Is `f:R rarr R`, given by `f(x)=|x-1|` one-one? Give reason

To determine whether the function \( f: \mathbb{R} \to \mathbb{R} \) defined by \( f(x) = |x - 1| \) is one-one, we will follow these steps: ### Step 1: Understand the Definition of a One-One Function A function \( f \) is said to be one-one (or injective) if for every pair of distinct elements \( x_1 \) and \( x_2 \) in the domain, \( f(x_1) \neq f(x_2) \). In other words, if \( f(x_1) = f(x_2) \), then it must follow that \( x_1 = x_2 \). ### Step 2: Analyze the Function The function is given as \( f(x) = |x - 1| \). This function takes the absolute value of \( x - 1 \), which means it will output the same value for both \( x \) and \( 2 - x \). ### Step 3: Find Specific Values Let’s consider two specific values: - Let \( x_1 = 3 \) - Let \( x_2 = -1 \) Calculating the function values: - \( f(3) = |3 - 1| = |2| = 2 \) - \( f(-1) = |-1 - 1| = |-2| = 2 \) ### Step 4: Compare the Function Values We see that: - \( f(3) = 2 \) - \( f(-1) = 2 \) Here, \( f(3) = f(-1) \) but \( 3 \neq -1 \).

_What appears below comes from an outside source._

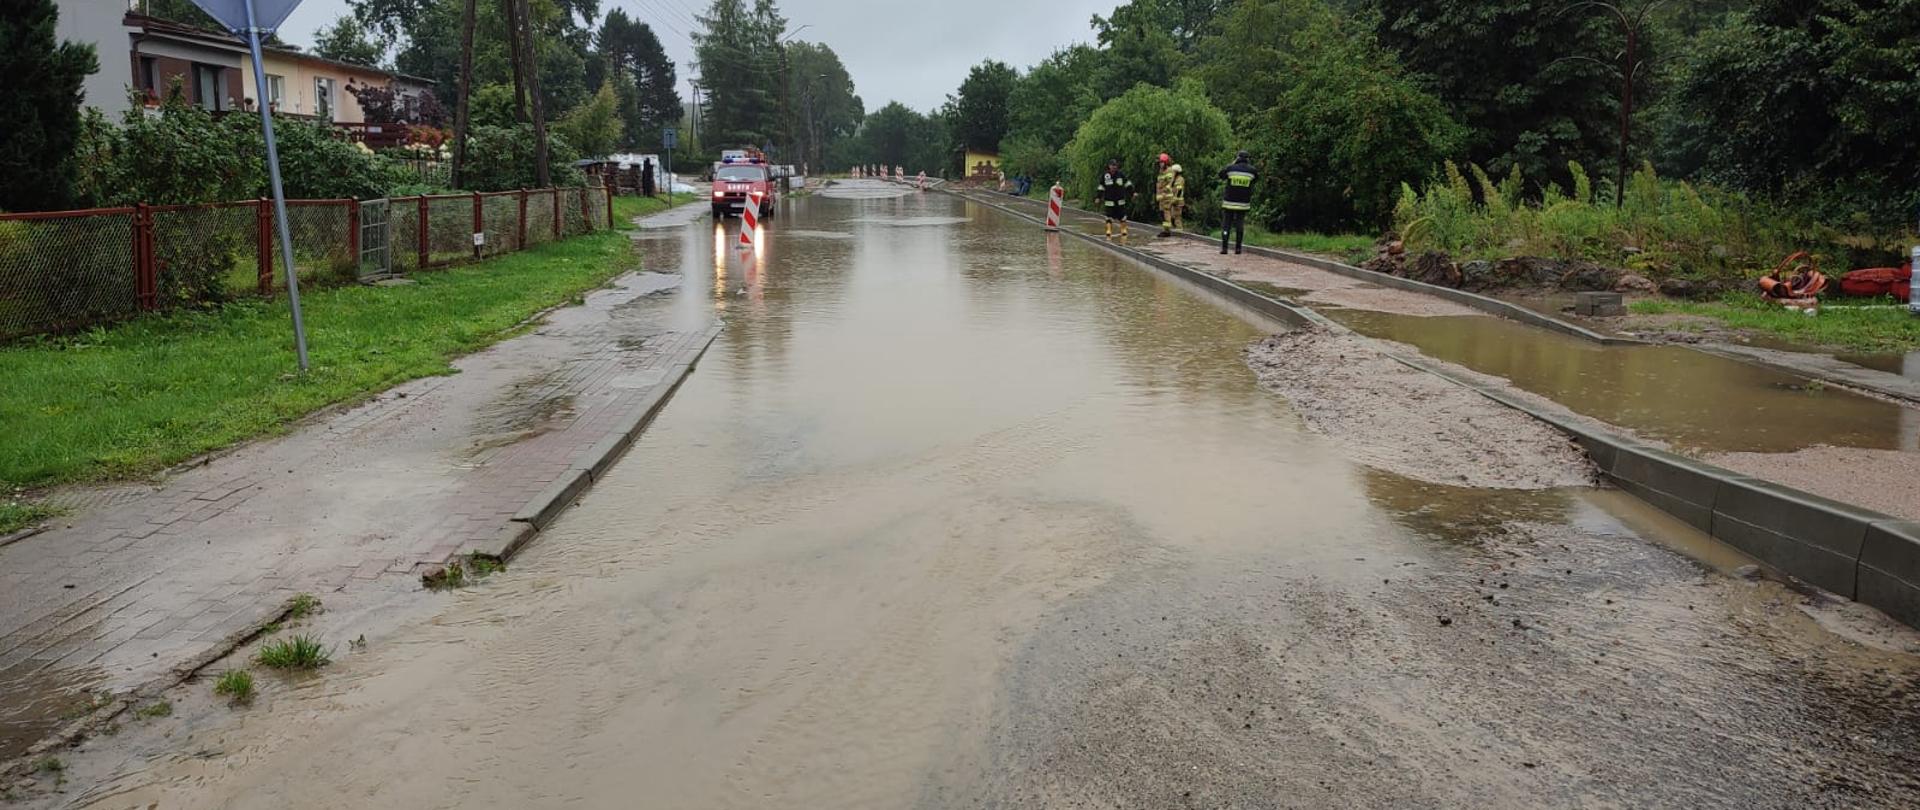 Zdjęcie przedstawia zalaną ulice.

This shows that distinct inputs \( x_1 \) and \( x_2 \) yield the same output. ### Step 5: Conclusion Since we found distinct elements \( x_1 \) and \( x_2 \) such that \( f(x_1) = f(x_2) \), we conclude that the function \( f(x) = |x - 1| \) is **not one-one**. ### Summary The function \( f(x) = |x - 1| \) is not a one-one function because there exist distinct values \( x_1 \) and \( x_2 \) (e.g., \( 3 \) and \( -1 \)) such that \( f(x_1) = f(x_2) \). ---